H_1: The residuals DO NOT follow the normal distribution
nortest::ad.test(reg$residuals)
Anderson-Darling normality test
data: reg$residuals
A = 222.64, p-value < 2.2e-16
H_0 : \sigma_1^2 = \sigma_2^2 vs.
H_1 : \sigma_1^2 \ne \sigma_2^2
lmtest::bptest(reg)
studentized Breusch-Pagan test
data: reg
BP = 4221.5, df = 2, p-value < 2.2e-16
lmtest::dwtest(reg)
Durbin-Watson test
data: reg
DW = 0.33855, p-value < 2.2e-16
alternative hypothesis: true autocorrelation is greater than 0
We could see that there are violations on normality assumption and homoscedasticity assumption. The autocorrelation presents as the data is a time series and time dependent, as it was observed on each day for a full year.
3.3 Extracting the Linear Model
beta.Z = as.matrix(reg$coefficients[2:3])

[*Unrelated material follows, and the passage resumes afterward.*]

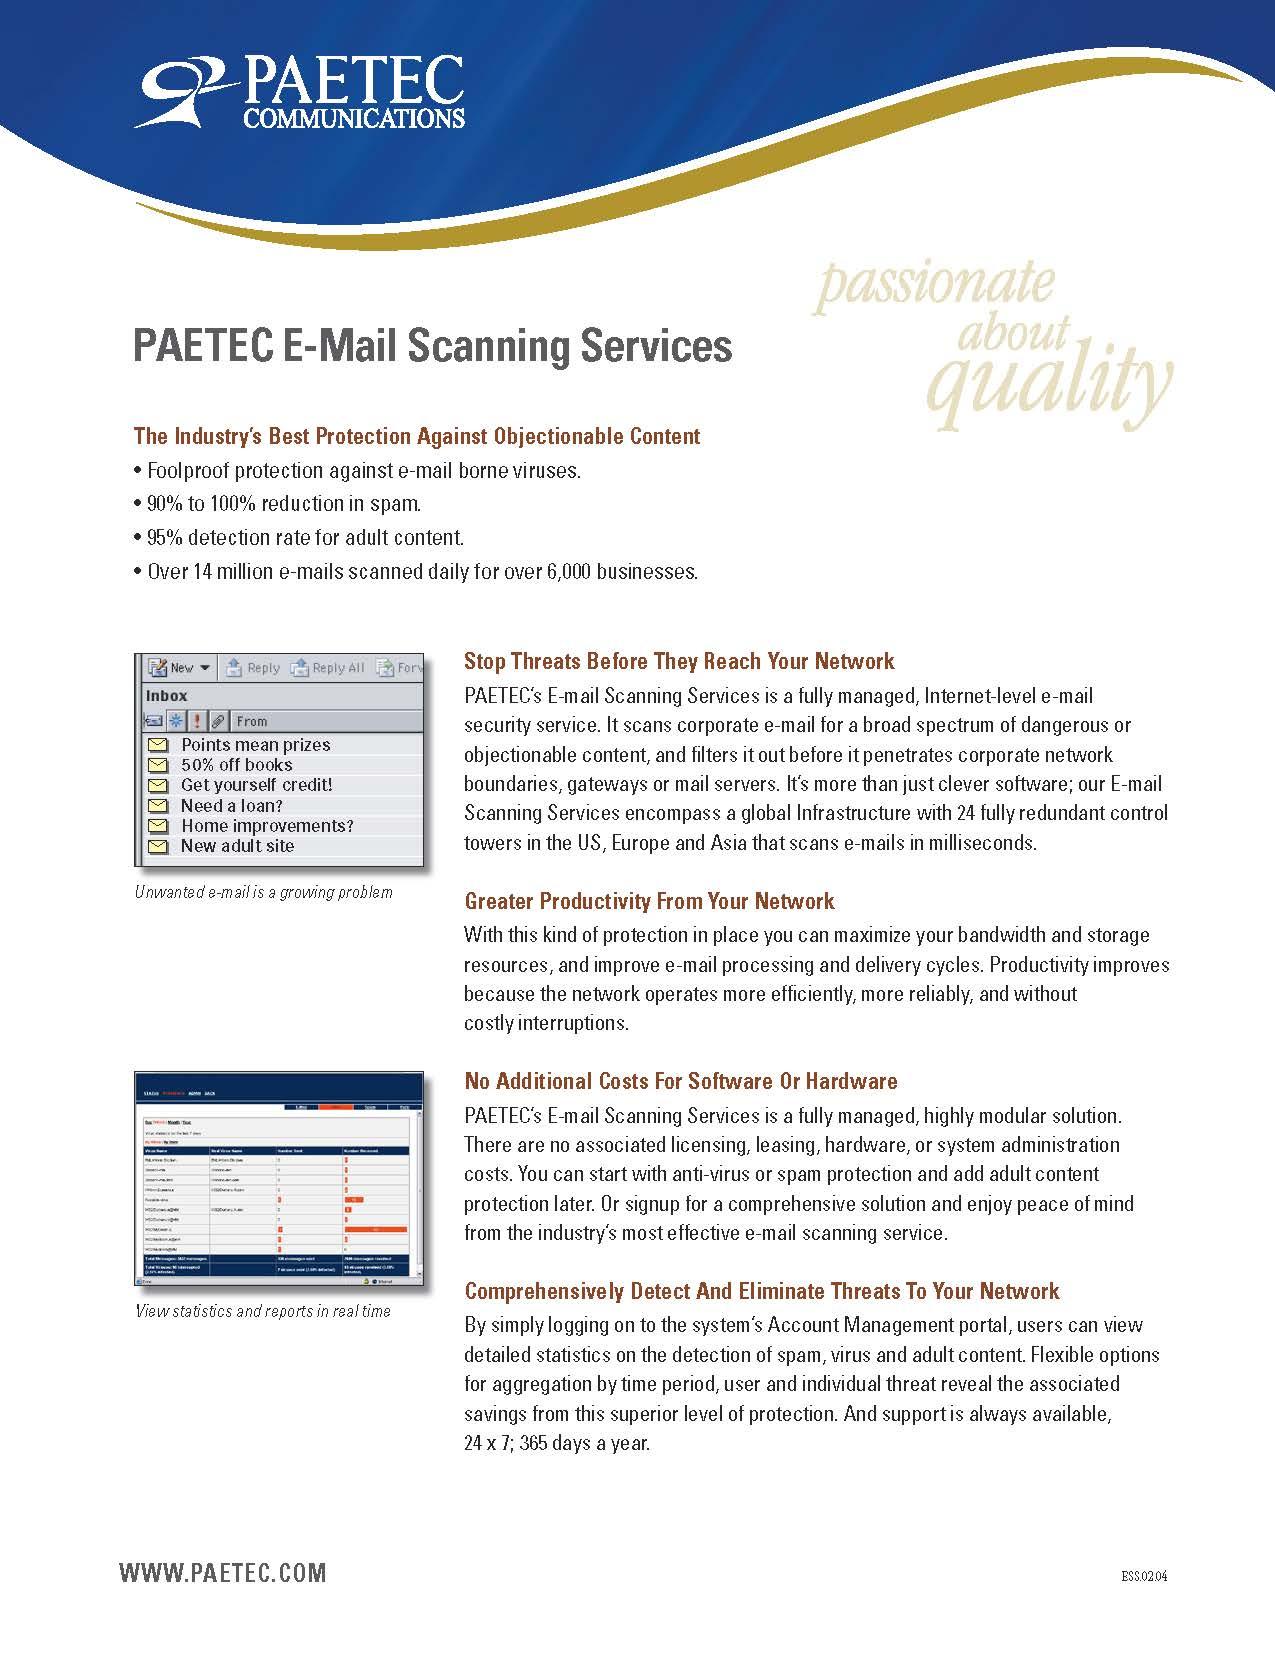 Paetec_Page_18.jpg

V = as.matrix(pca$rotation[,1:2])
beta.X = V %*% beta.Z
beta.X [,1]
X1 9.086060
X2 -3.548034
X3 9.994360
X4 4.376114
X5 3.985010
X6 3.950782
X7 -4.607241
X8 8.217700
The regression model that is built is:
Y = 9.09X_1-3.55X_2+9.99X_3+4.38X_4+3.99X_5+3.95X_6-4.61X_7+8.22X_8
4 CONCLUSION
Principal Component Analysis perfectly took care of the multicollinearity and high correlation between independent variables. PCA is a great preprocessing tool that is used for intermediate modelling, such as regression, discriminant analysis, clustering, etc.
The scope of this article focused more on the PCA, unfortunately the assumption violations on the linear regression hasn’t been solved yet.